### MATERIAL SUPPLIED
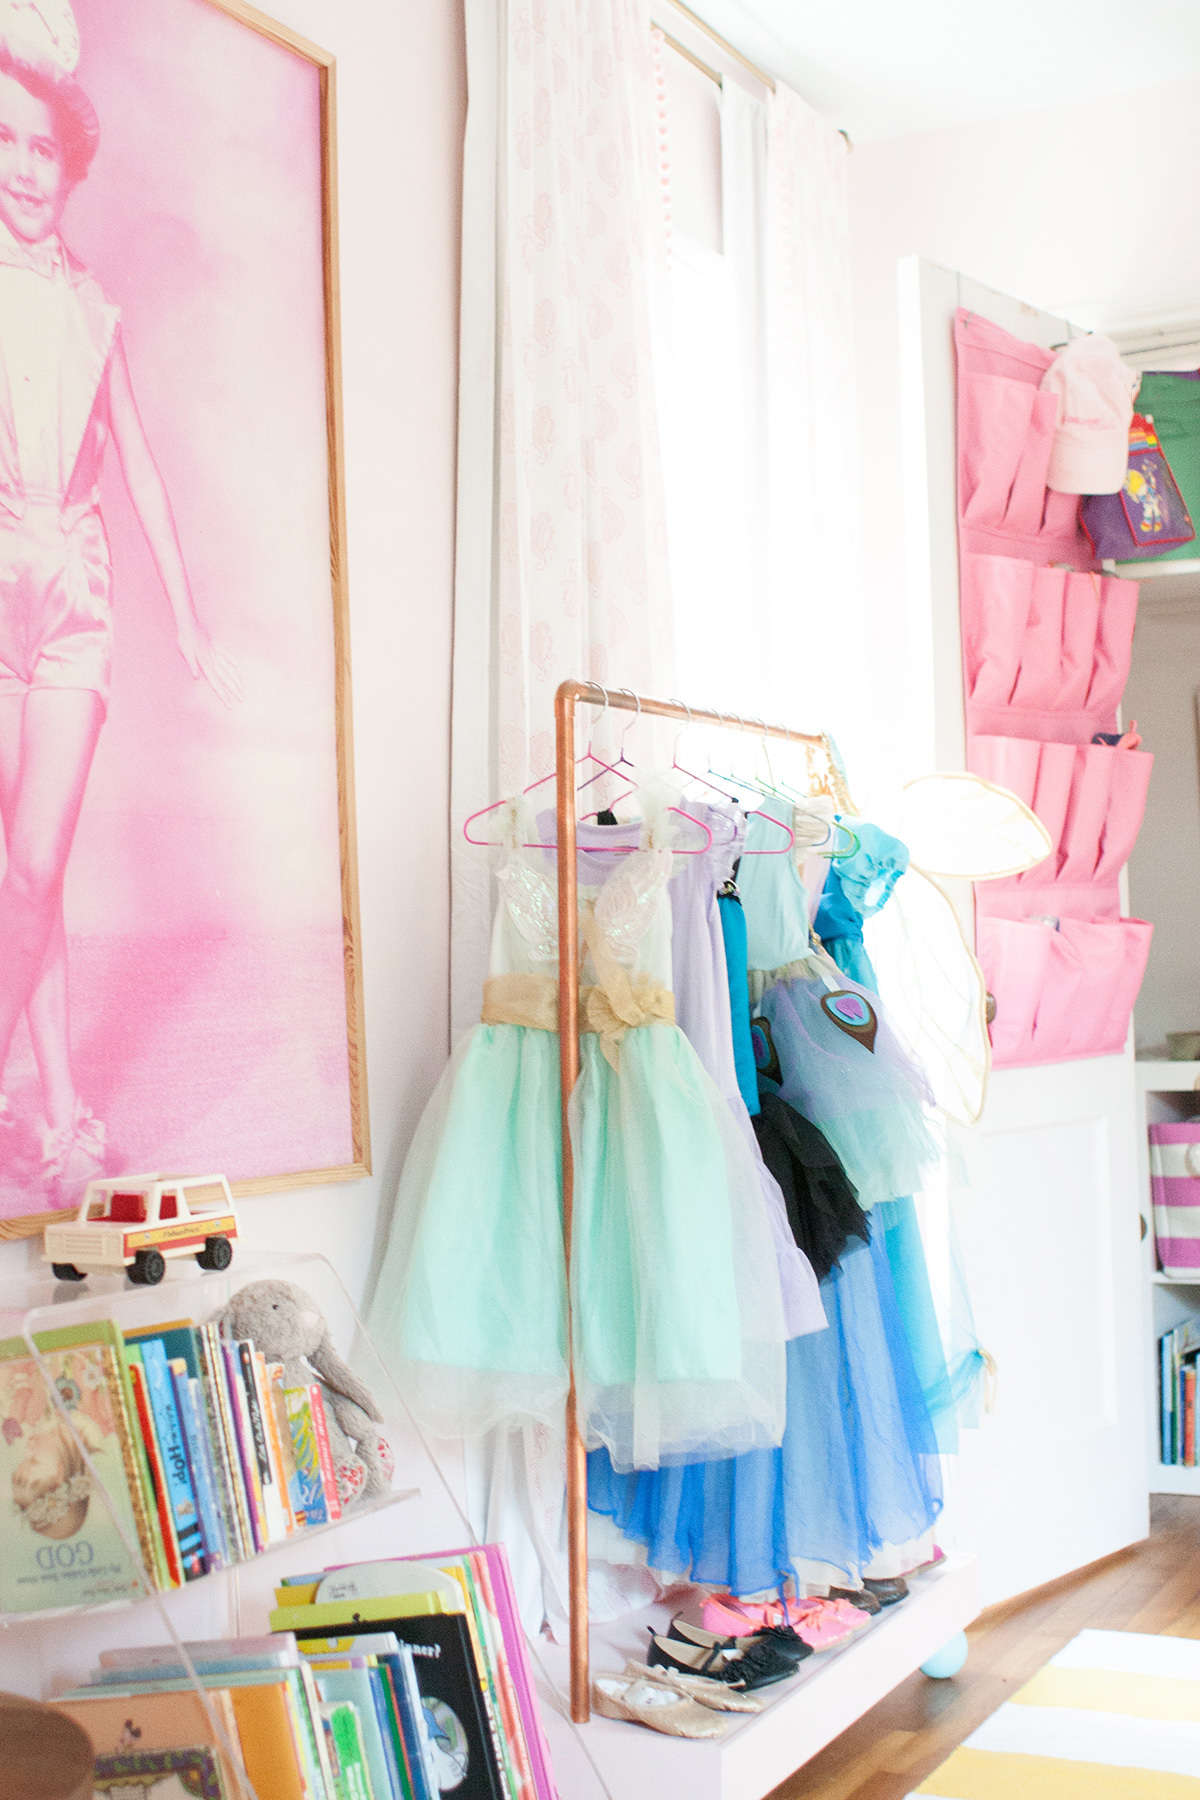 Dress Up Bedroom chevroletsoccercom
---
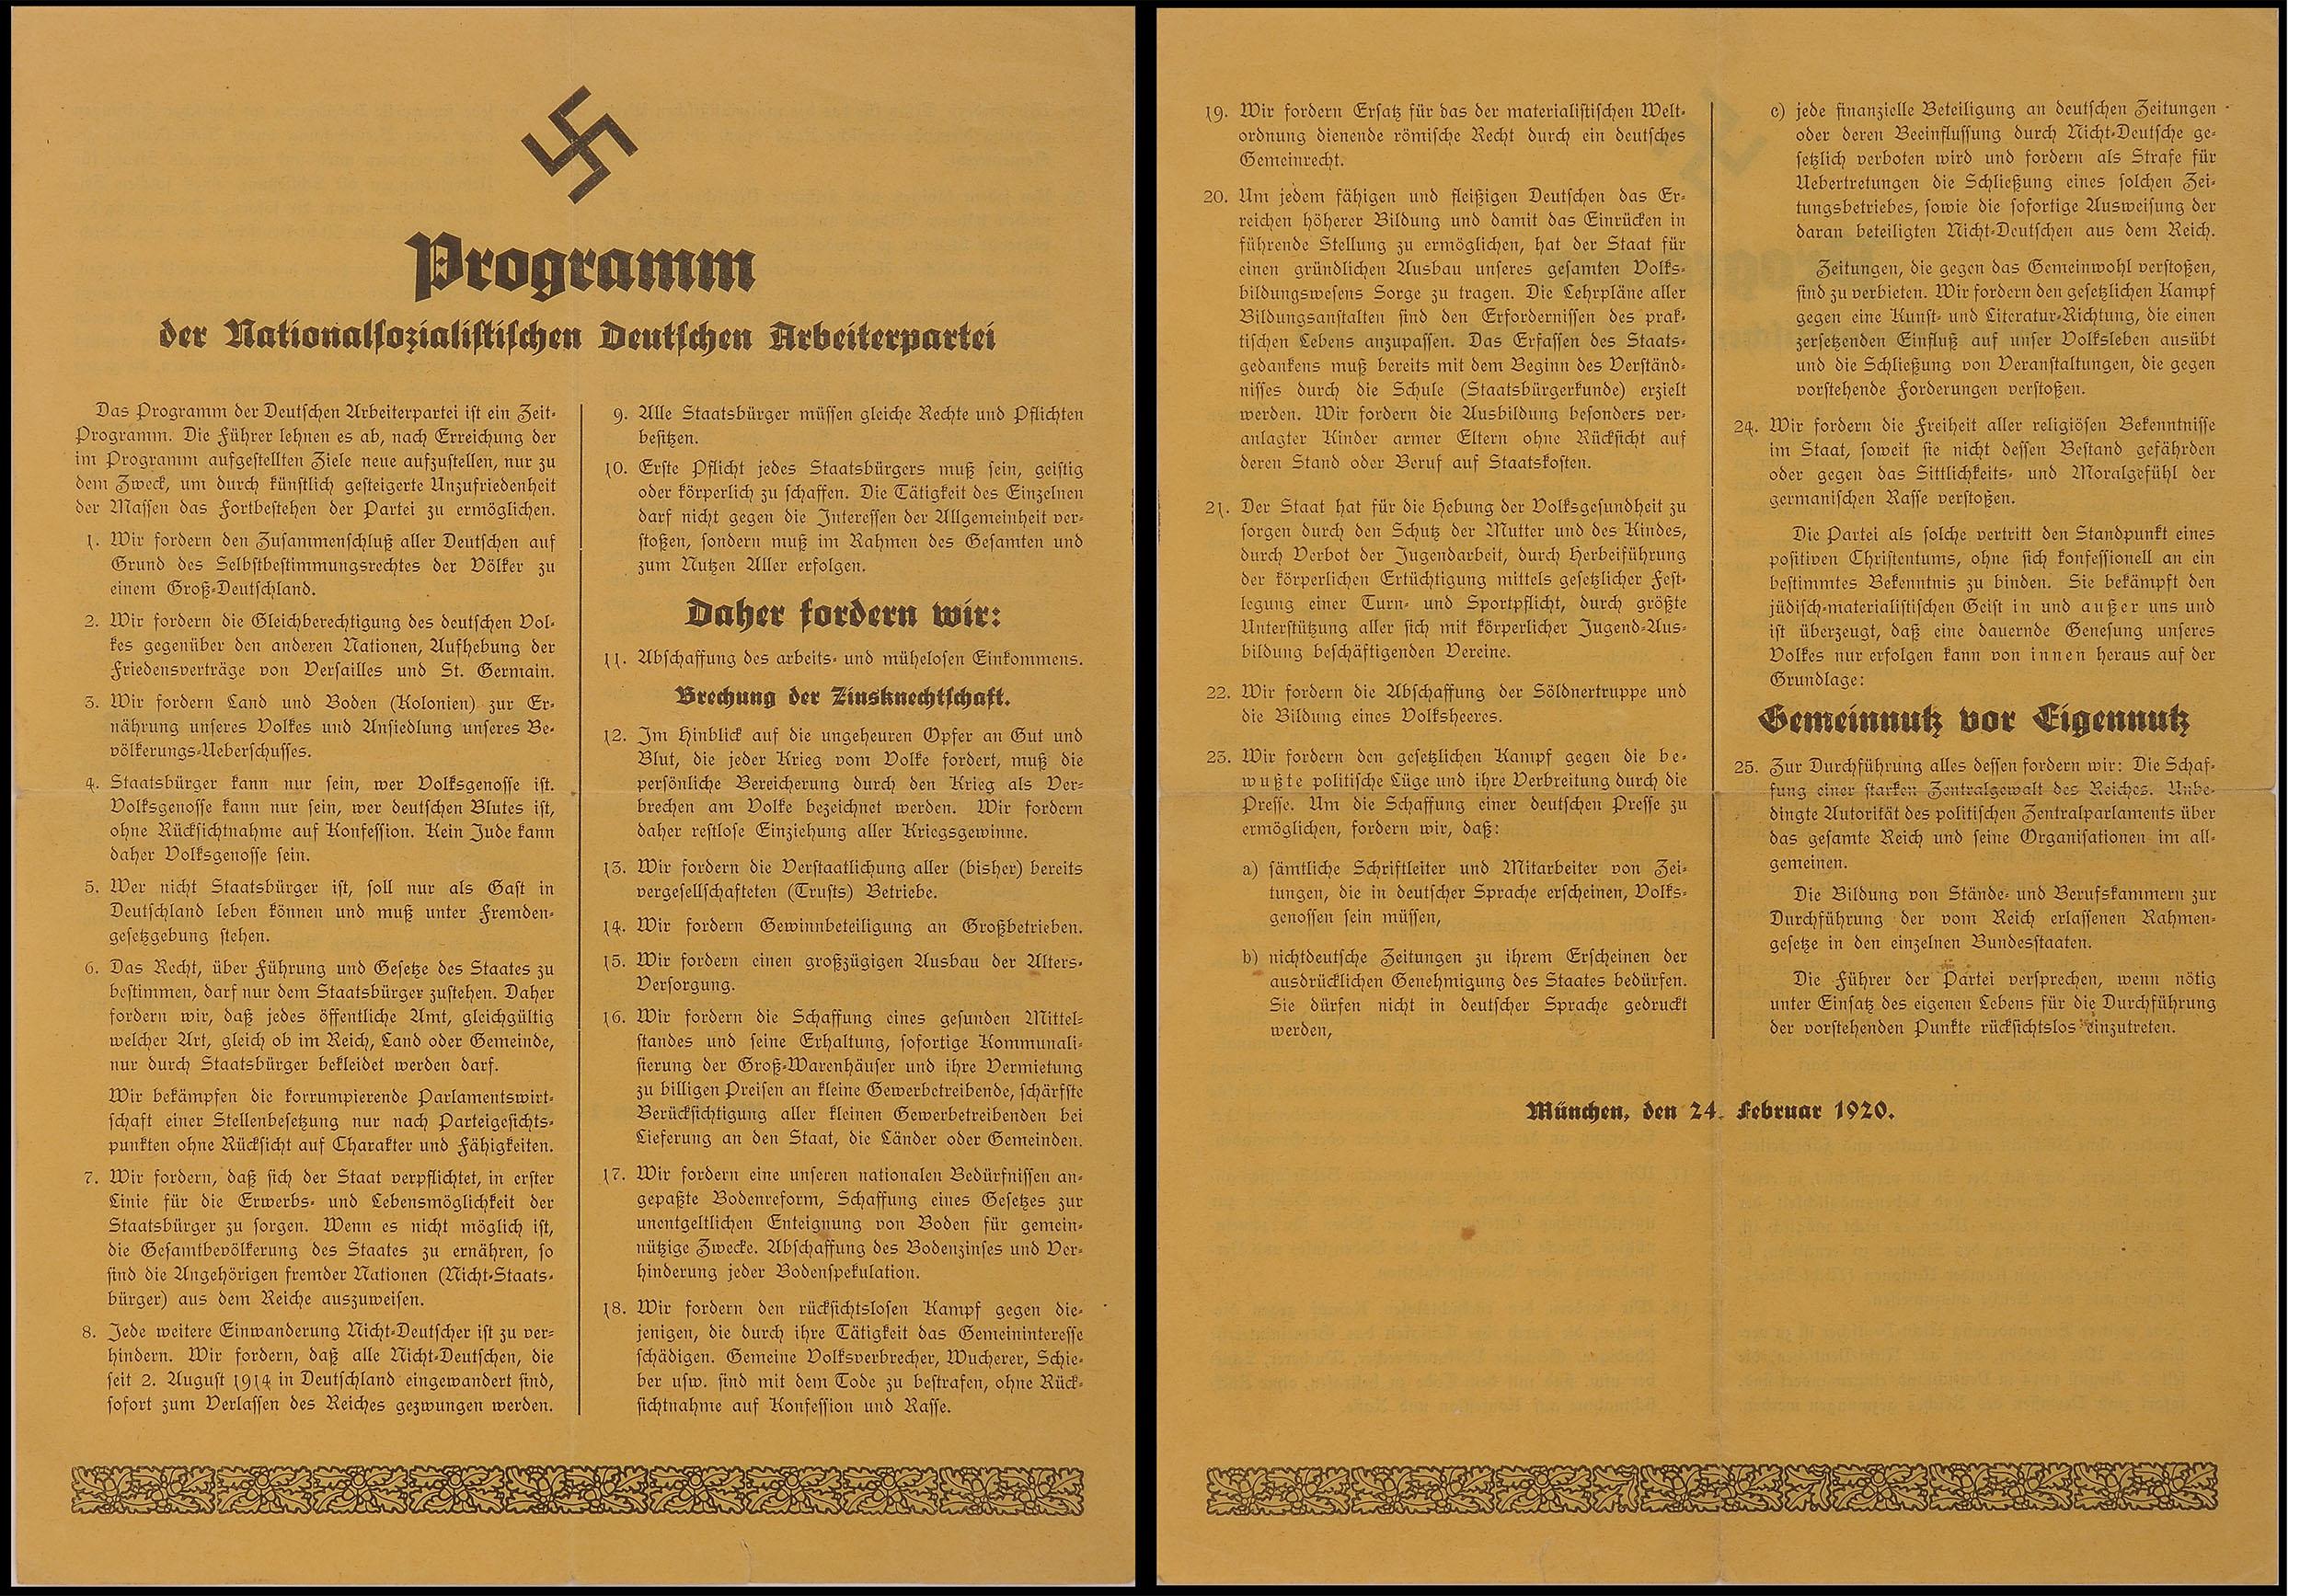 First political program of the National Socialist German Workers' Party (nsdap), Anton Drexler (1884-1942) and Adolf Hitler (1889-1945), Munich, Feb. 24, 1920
--
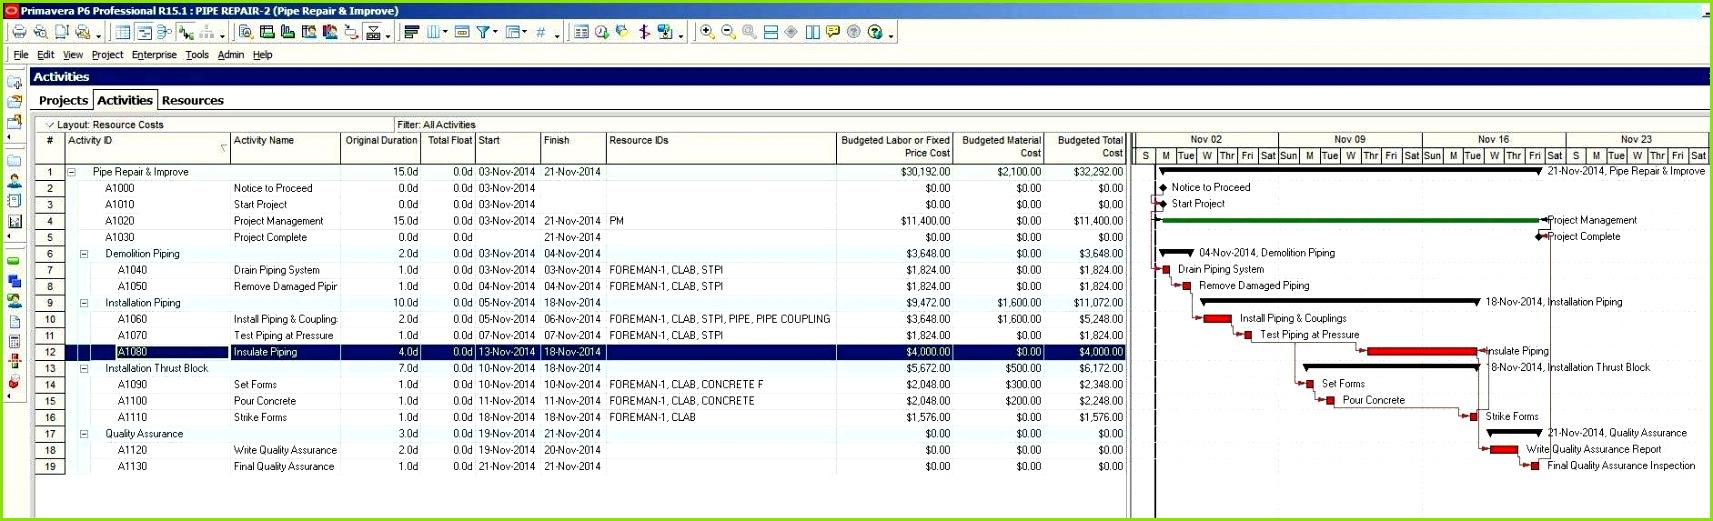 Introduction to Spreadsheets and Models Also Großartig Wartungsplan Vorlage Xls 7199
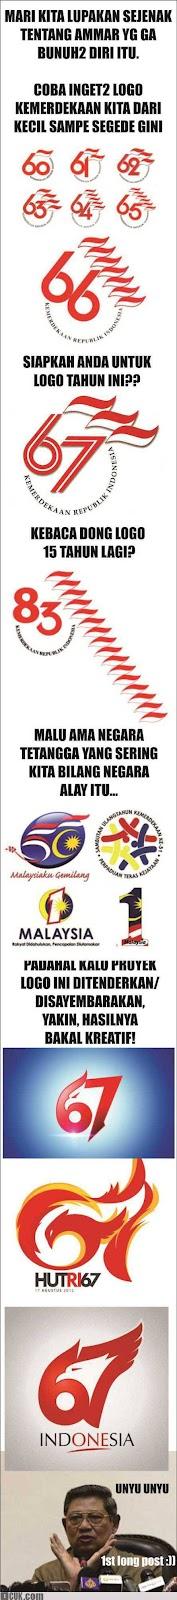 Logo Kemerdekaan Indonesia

### WORK TO BE COMPLETED
Only the lines of the listing above from the one with "Introduction to Spreadsheets" through the one with "Logo Kemerdekaan Indonesia" should be output, exactly, with both ends kept and pictures left out.

### PROBLEM SOLUTION
 Introduction to Spreadsheets and Models Also Großartig Wartungsplan Vorlage Xls 7199
 Logo Kemerdekaan Indonesia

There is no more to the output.